How private plans are different (and why people like them)
This is the part most people never hear. In 2026, more and more people are choosing private options instead of the marketplace — and here’s why:
- Often cheaper if you don’t get a subsidy. For people who don’t qualify for help, a private plan is most of the time actually less expensive than full-price marketplace coverage.
- PPO plans are still available. PPOs — which let you see specialists without referrals and offer broader networks — are getting hard to find on the marketplace. Private still has them.
- You build your own plan. Instead of taking the box the exchange hands you, you decide your benefits — the network, the deductible, and add-ons like critical illness and accident protection.
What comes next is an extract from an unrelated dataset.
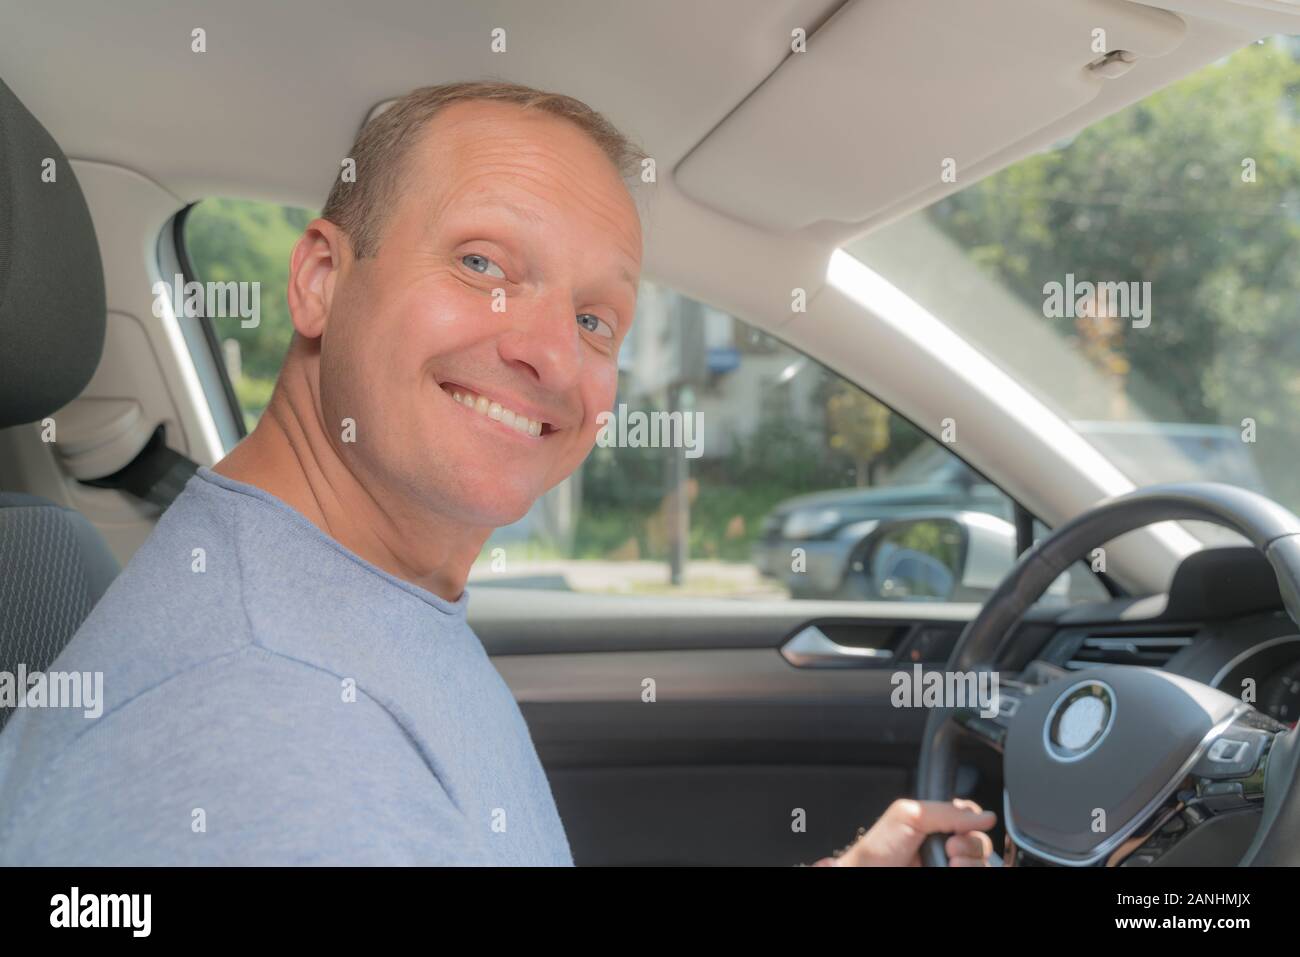 Ritratto di felice proprietario di nuova automobile, guardando la fotocamera. Bionda uomo prese una polizza di assicurazione per la sua nuova vettura, provano gioia e sorridente. Colore soffice Foto Stock

- It doesn’t vanish when a carrier exits the exchange. A plan built around you isn’t hostage to one marketplace carrier’s business decisions.
When the marketplace is still the better choice
Let me be honest about this, because it matters: if you qualify for a premium subsidy based on your income, the marketplace is often still your most affordable option, even after the subsidy changes. The exchange exists to deliver that financial help, and for many lower- and middle-income households it’s the right home. I’ll never push you off the marketplace if that’s where your best deal is.
When private usually wins in 2027
- You don’t qualify for much (or any) subsidy, so you’re paying close to full price either way.
- Your marketplace carrier is leaving and the remaining options don’t fit your doctors or budget.
- You want a PPO or a broader network than the exchange offers.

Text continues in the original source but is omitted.